Lo “Short Dictionary of Anecdotes, Signs, and Wonders” che compone la seconda parte del film, una sorta di glossario – in rigoroso ordine alfabetico – di parole comuni cui sono associate immagini a volte pertinenti e volutamente didascaliche altre volte intenzionalmente evocative, è una divagazione tutt’altro che insignificante. Il regista con una tecnica di montaggio vecchia quanto il cinema manifesta qulla quotidiana oscenità che, a differenza di quella sfacciata di un video pornografico, fatichiamo a vedere o siamo abituati a ignorare. Restituendo al cinema quel ruolo rivelatore cui rimanda il mito di Medusa citato nel film (lo schermo, come lo scudo di Perseo, ci permette di sostenere la vista di una realtà che se non fosse riflessa, ci travolgerebbe).
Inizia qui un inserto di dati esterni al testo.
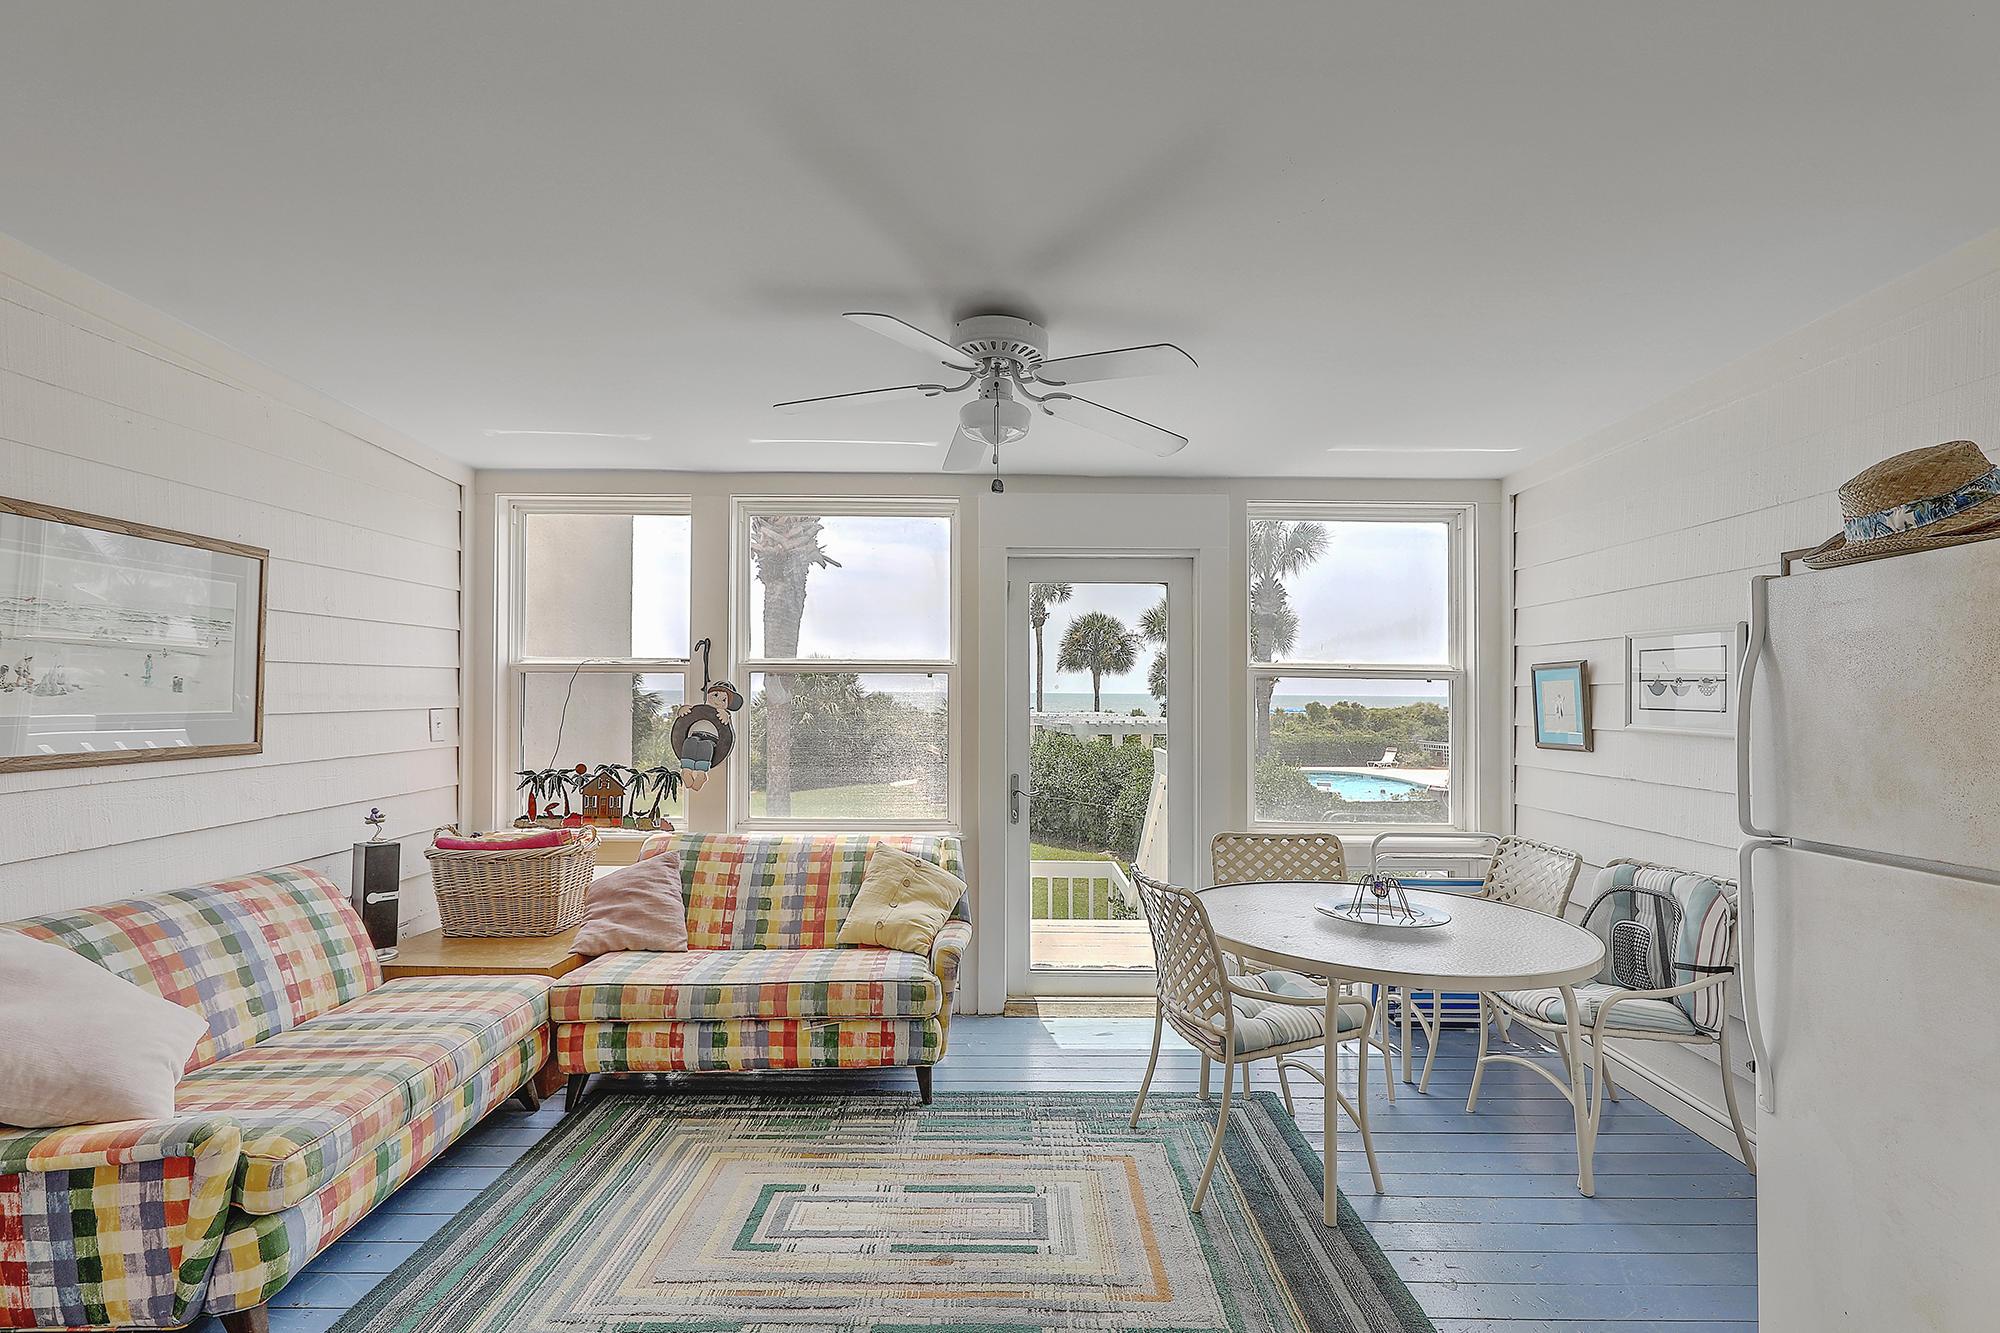 Beach Club Villas Homes For Sale - 15 Beach Club Villas, Isle of Palms, SC - 20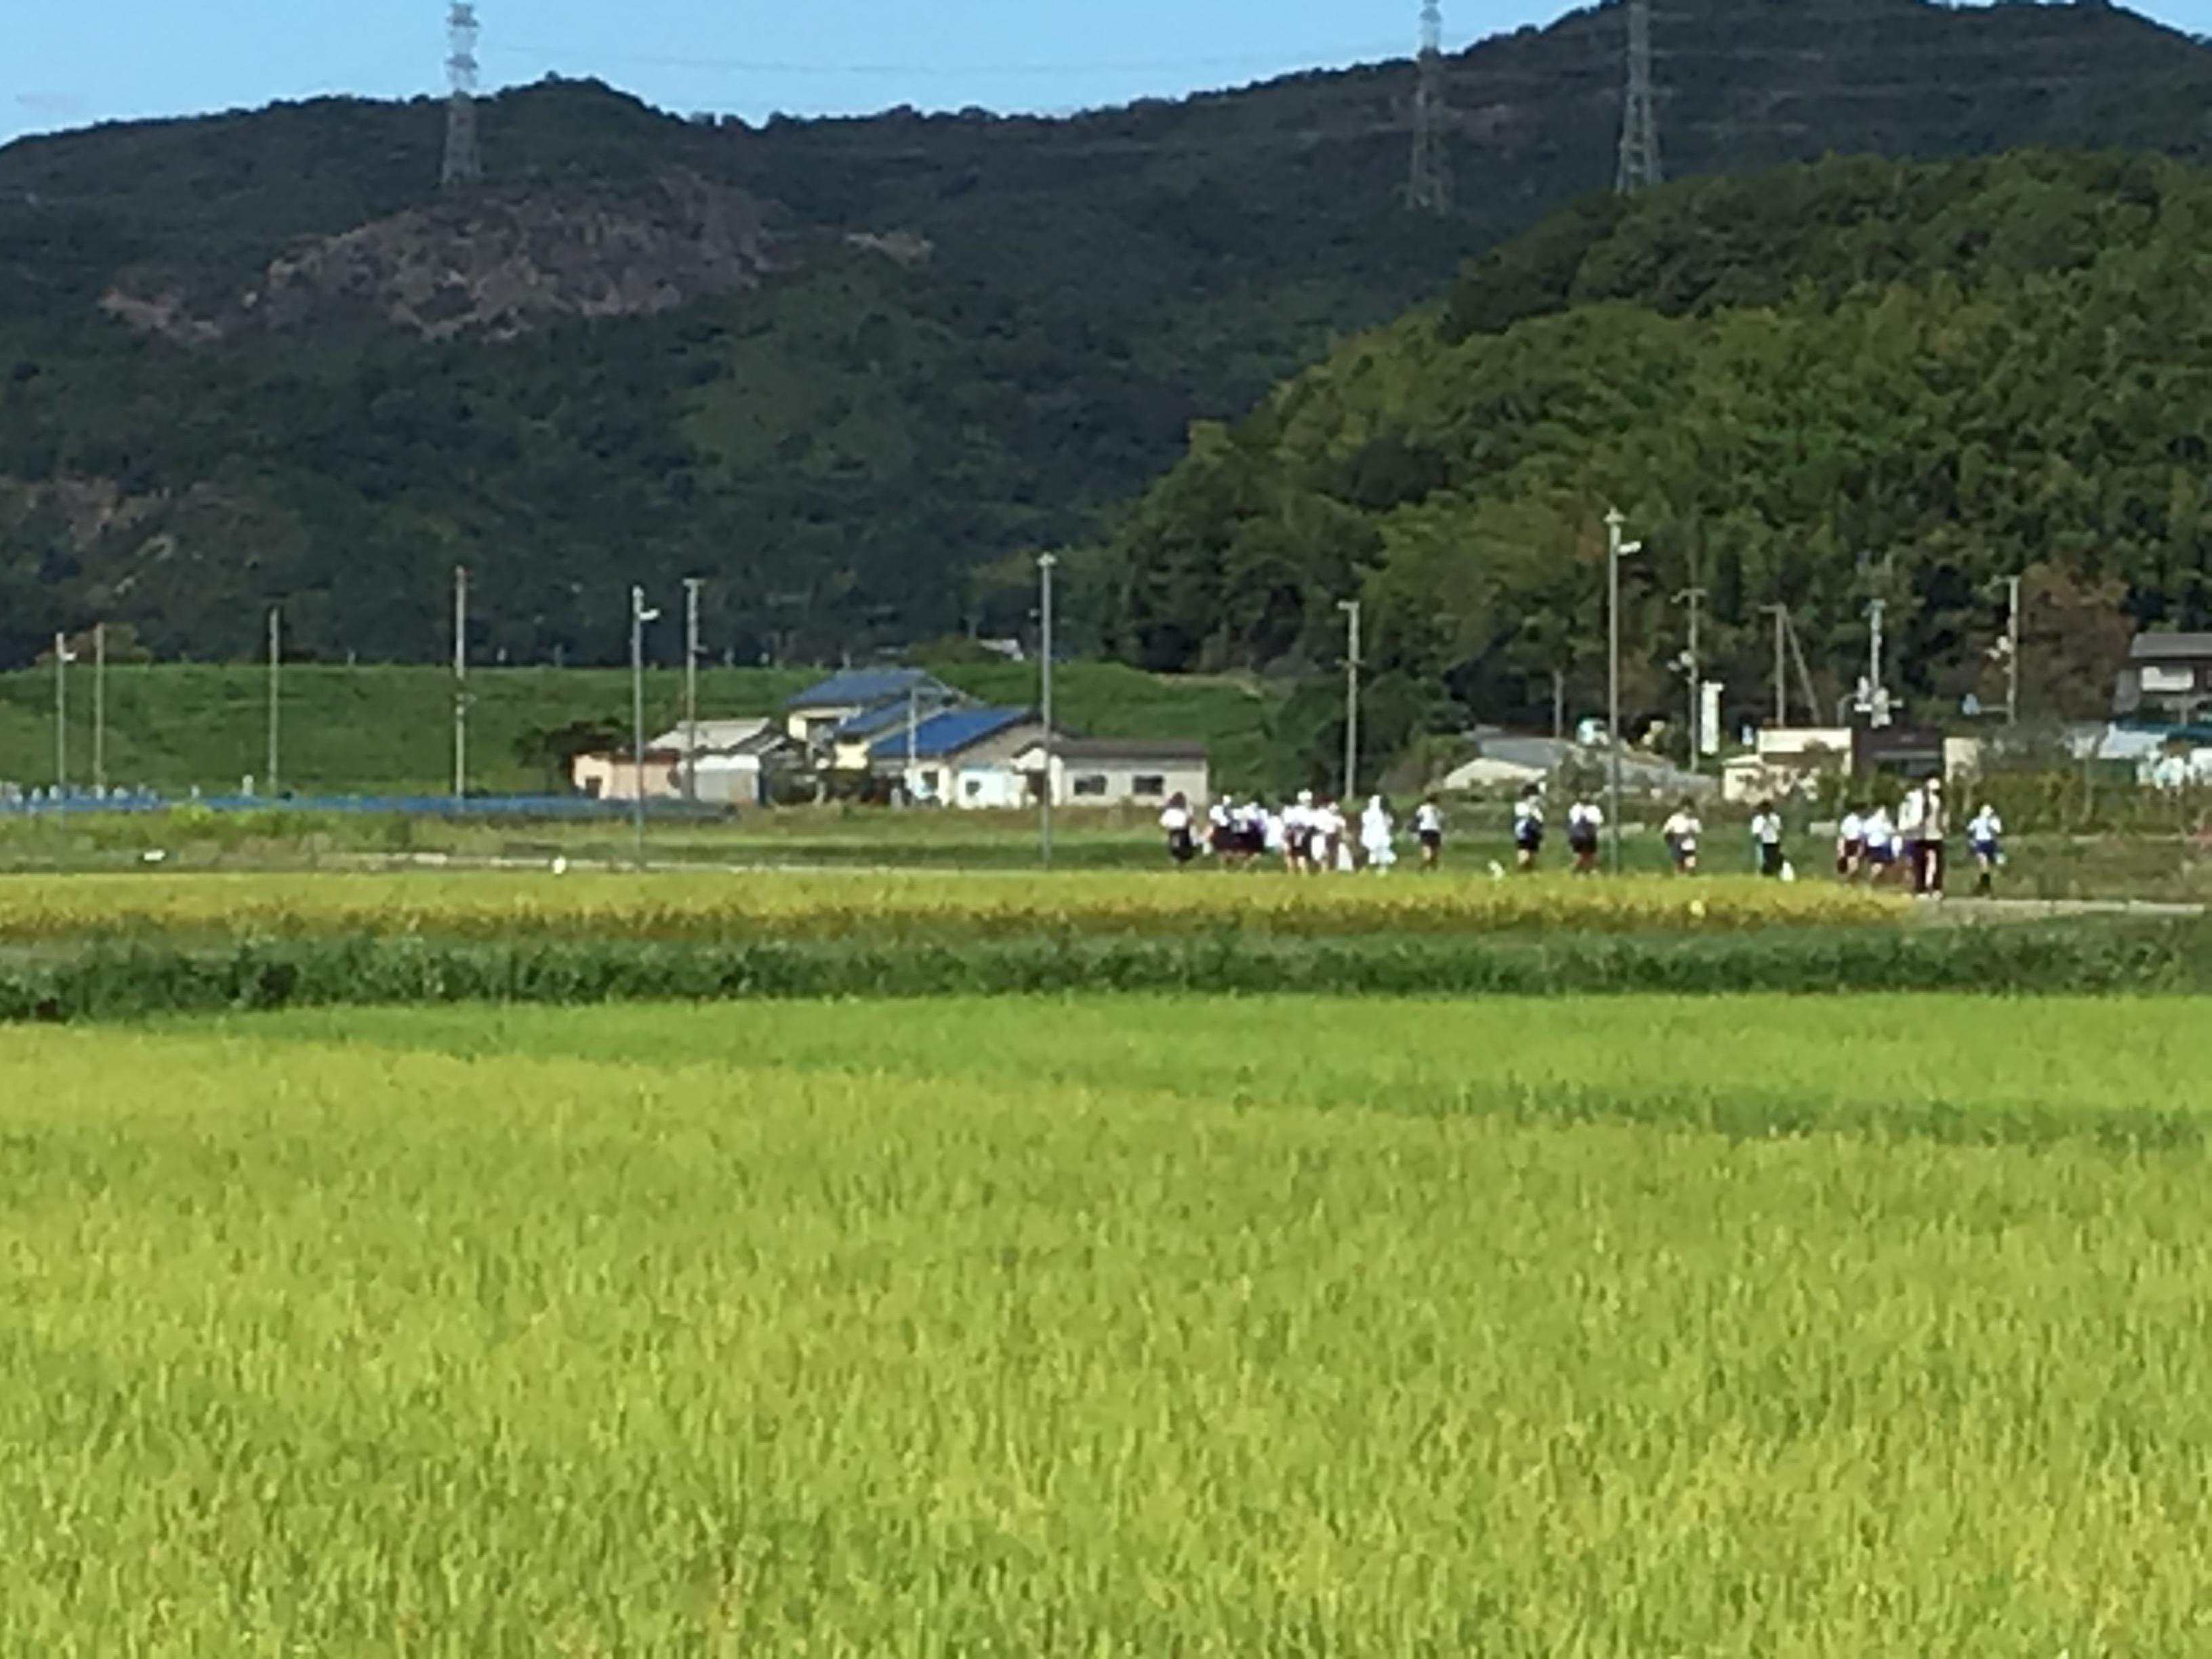 写真中央の地平線(ていうか)が原大池堤体の天端。担任の山本先生を筆頭に垂れた稲の穂を見ながら帰ります。もうすぐ稲刈りだね。

Ma, risalendo all’indietro, aiuta a comprendere ancora meglio il primo capitolo. Quello in cui Emi vaga per la Bucarest di oggi, quella del 2020 sommersa come il resto del mondo dalla pandemia, in attesa di recarsi all’incontro a scuola. Un momento narrativamente inconsistente ma cinematograficamente sbalorditivo per la capacità del regista di costruire un universo di senso attraverso, anche qui, gli strumenti più elementari del linguaggio cinematografico: lievi panoramiche a seguire la protagonista per le strade, movimenti di macchina indipendenti che colgono e fissano piccoli dettagli. Con personaggi e luoghi immersi in una quotidianità asfissiante in cui ognuno, con la sua mascherina indosso, agisce in una dimensione di indifferenza. Mentre è lo spazio urbano stratificato, espressivo, dialettico a renderci partecipi della profonda complessità dell’immagine e dello sguardo del regista sul contemporaneo. Mentre l’impressione che si genera è quella di osservare il nostro stesso tempo sotto una prospettiva diversa, quasi per la prima volta.
Ed è forse così, come abbiamo provato a fare, che andrebbe letto Bad Luck Banging or Loony Porn: al contrario. Partendo dalla fine e tornando indietro fino alle prime immagini, quelle pornografiche, con cui il film si apre. Perché è un po’ come un percorso disseminato di tracce, simboli e strade da interpretare, ripercorrere e annotarsi. E che proprio come il presente che racconta, da qualsiasi lato lo si guardi, non si riesce mai a capire del tutto.